The cable can be configured to deliver ADSL, VSDL, or other DSL
signals.
[0039] The cable loss data can include frequency-dependent loss
information (HLOG). For instance, the cable loss data can include
cable loss values at one or more frequencies over one or more cable
lengths. As an example, the cable loss data can include a vector of
cable loss values corresponding to multiple different frequencies
over the same electrical distance d 114 between the central office
110 and the intermediate transceiver 120. The cable loss data can
be represented in other format (e.g., a matrix, a table, etc.) and
can include additional or different attributes.
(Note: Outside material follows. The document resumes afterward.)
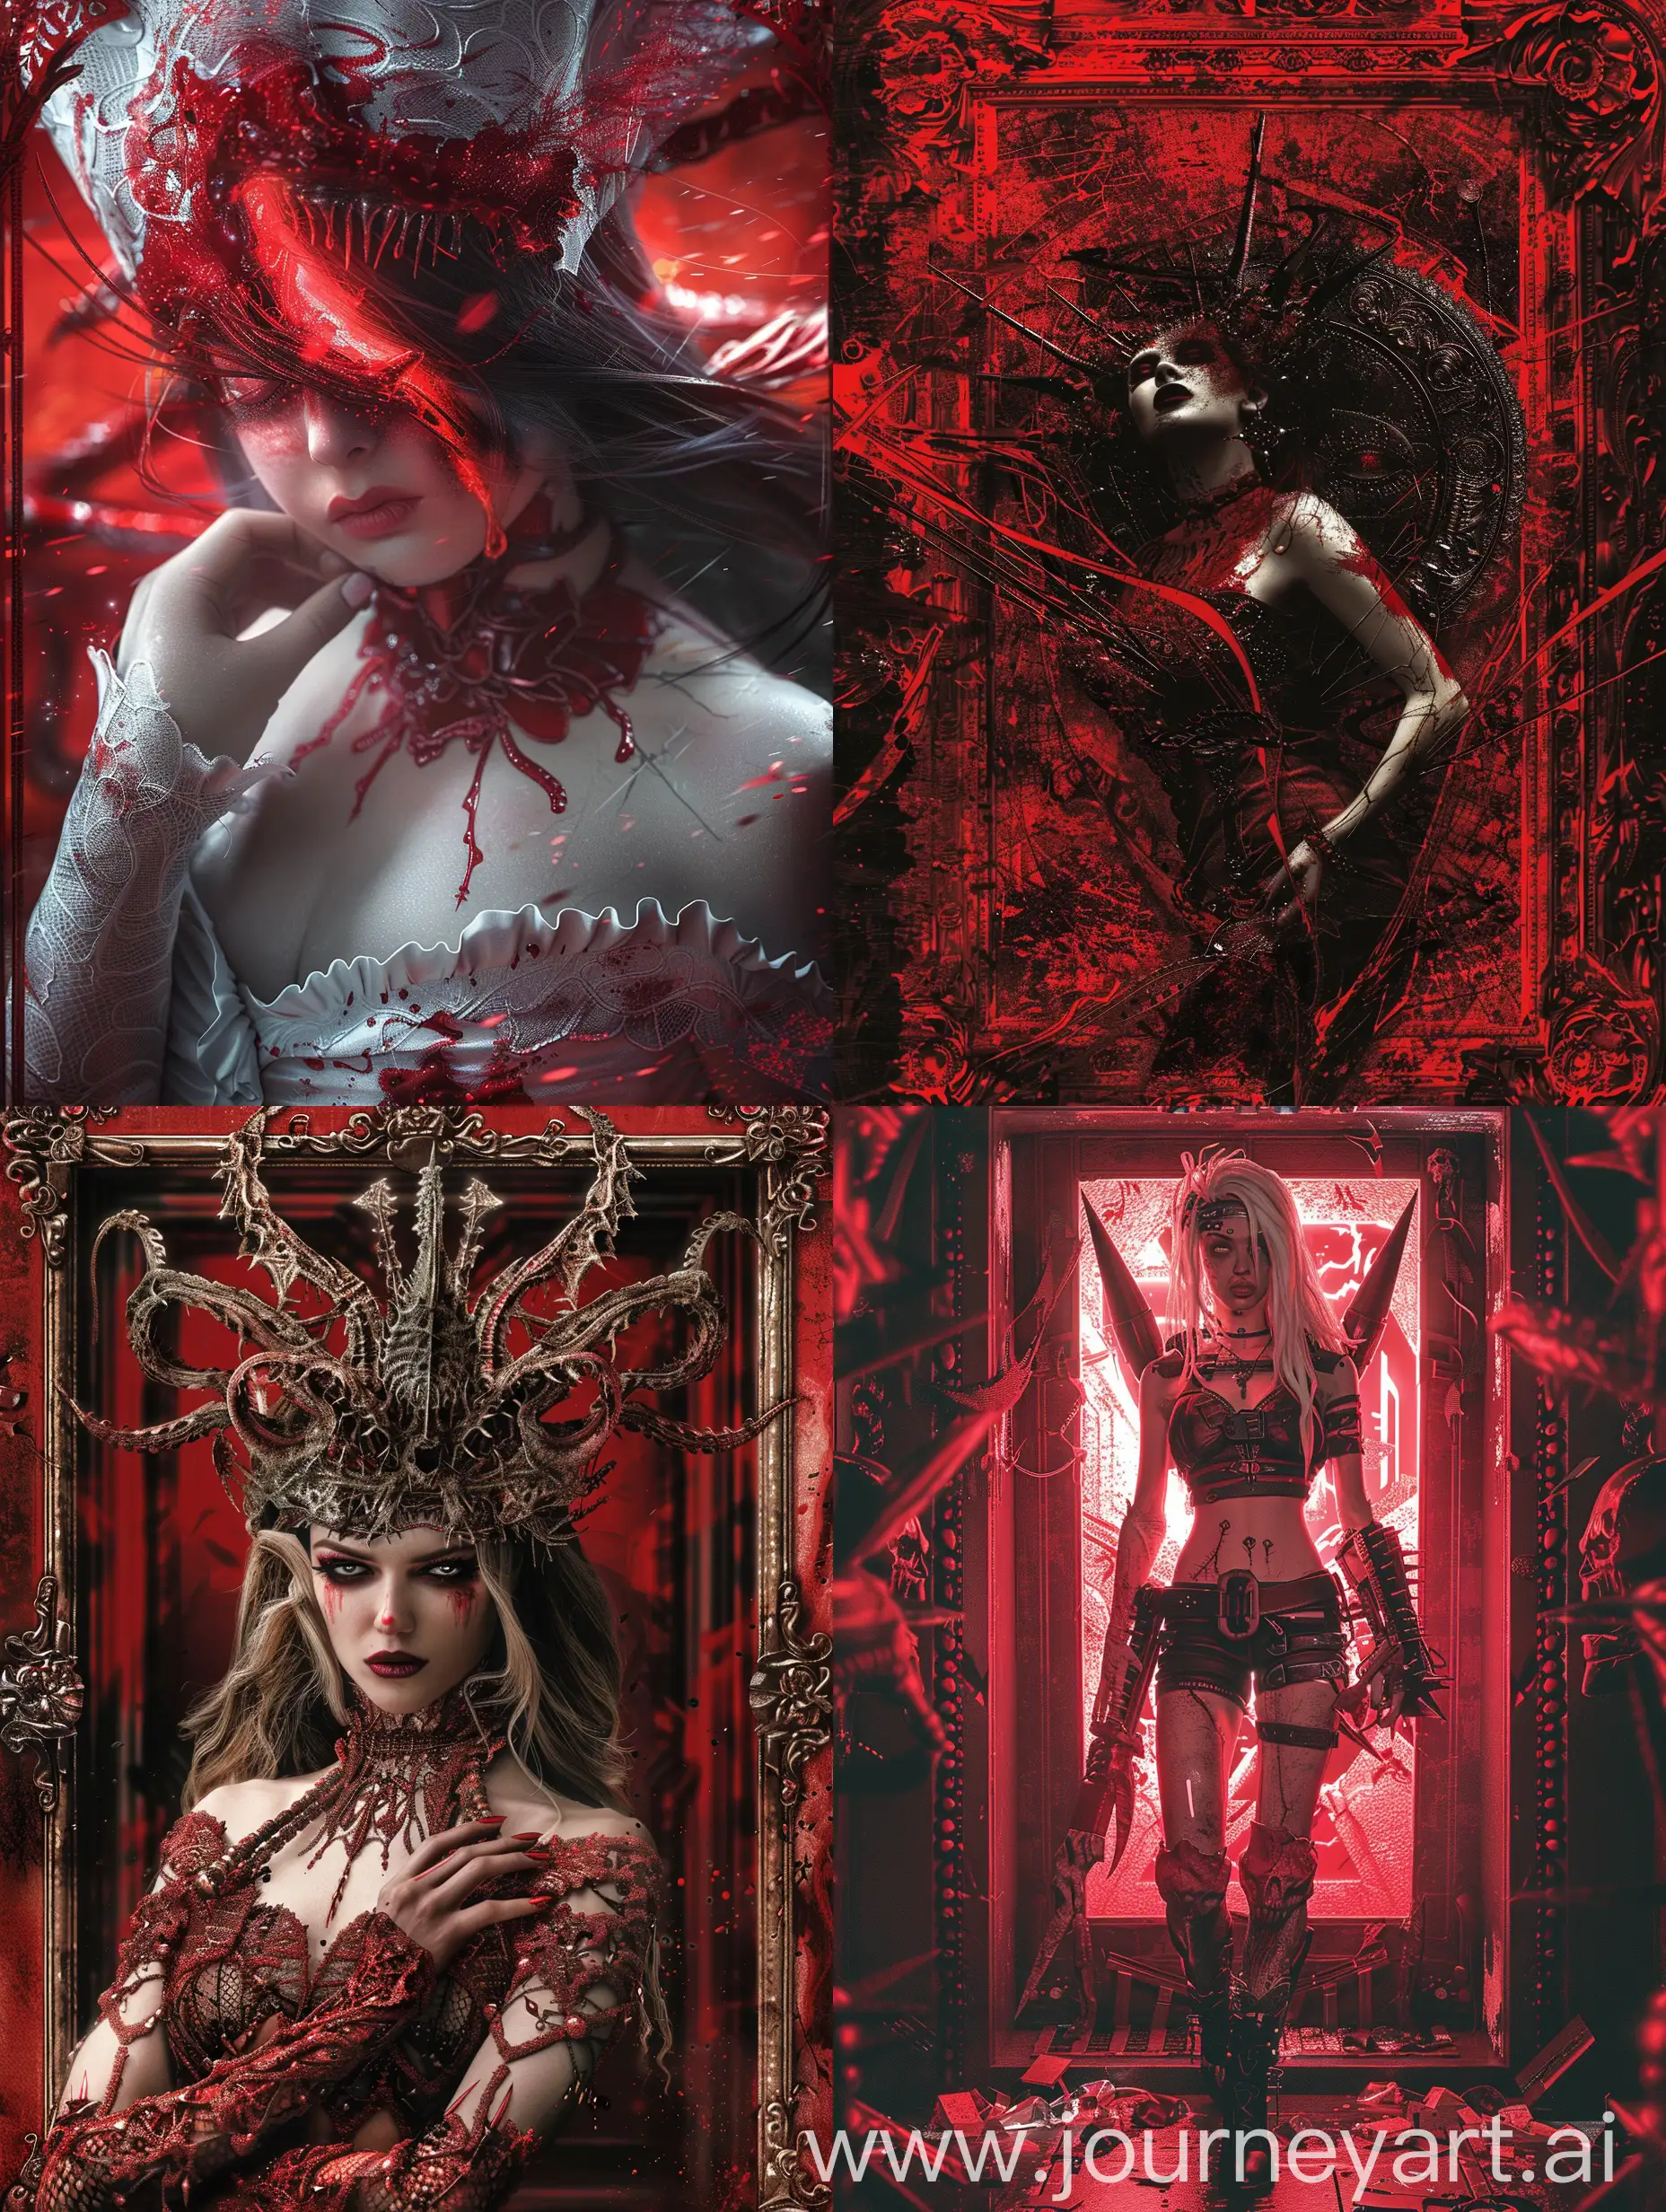 Ethereal-Cosmic-Horror-Goddess-Framed-in-Red-Surreal-Par-Olofsson-Style-Art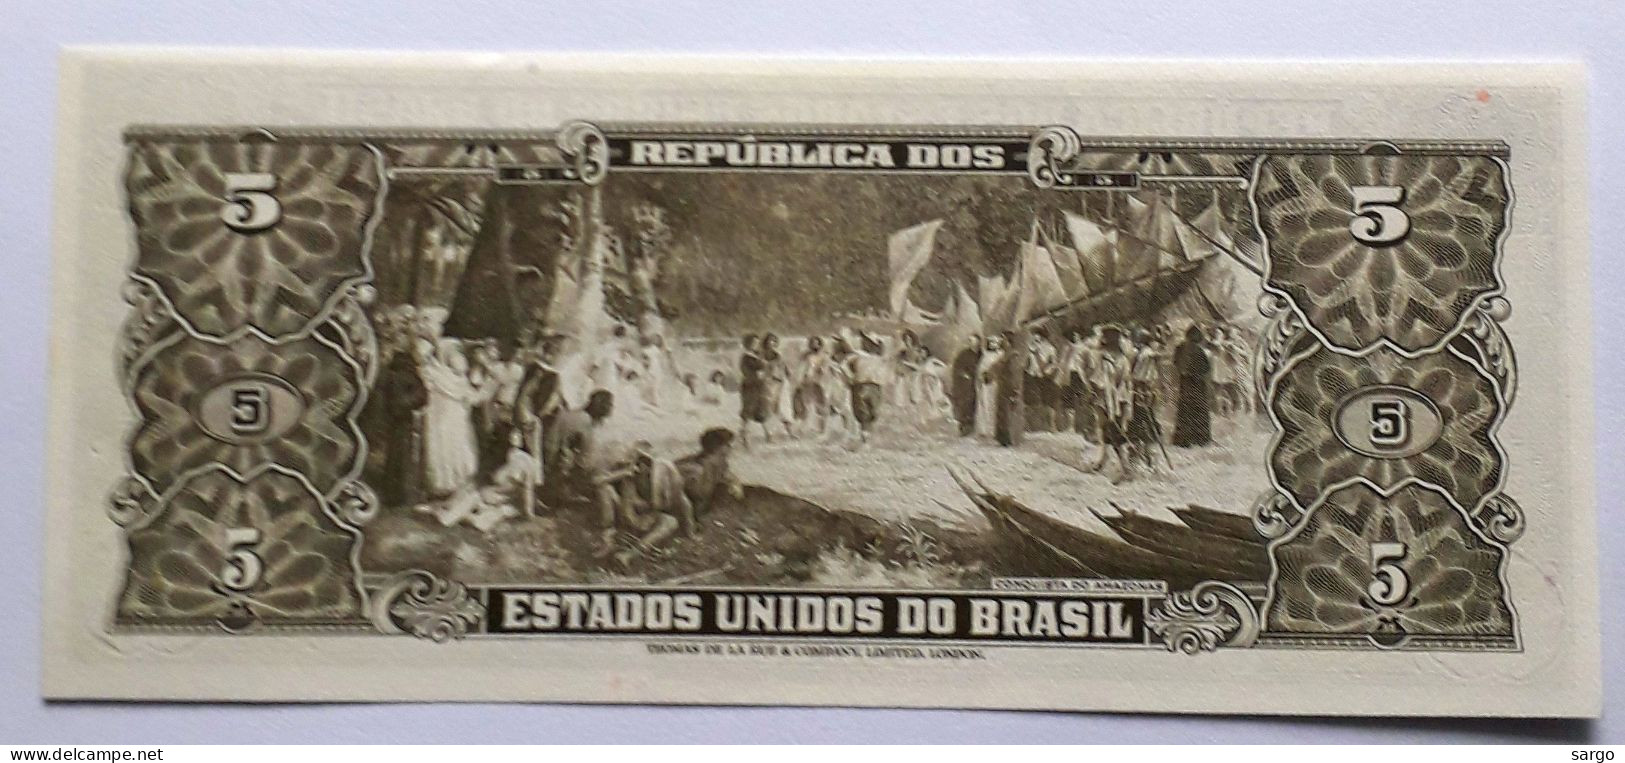 BRAZIL - 5 CRUZEIROS - P 176 A (1962 -1964) - UNC - BANKNOTES - PAPER MONEY - CARTAMONETA - - Brasile

[0040] The cable loss data can be obtained based on tests,
measurements, estimation, or other techniques. In some instances,
the cable loss data can be obtained based on dual ended line test
(DELT). For example, in order to determine the cable loss data
(e.g., the cable loss data of the F1 cable section 122b) using the
components in FIG. 1, an ADSL CPE modem can be placed at the
location of the forward deployed DSLAM 120 and be connected with
the CO 110 to a DSLAM port that is currently providing ADSL service
to the neighborhood. The CO 110 can run DELT to provide the
frequency dependent loss parameters associated with DELT.
Alternatively, a test set measurement would be taken at the
intermediate location 120 facing back towards the CO 110. In
another implementation, test equipment can be placed at the CO 110
and at the injection point 120 to measure the loss in cable 122b.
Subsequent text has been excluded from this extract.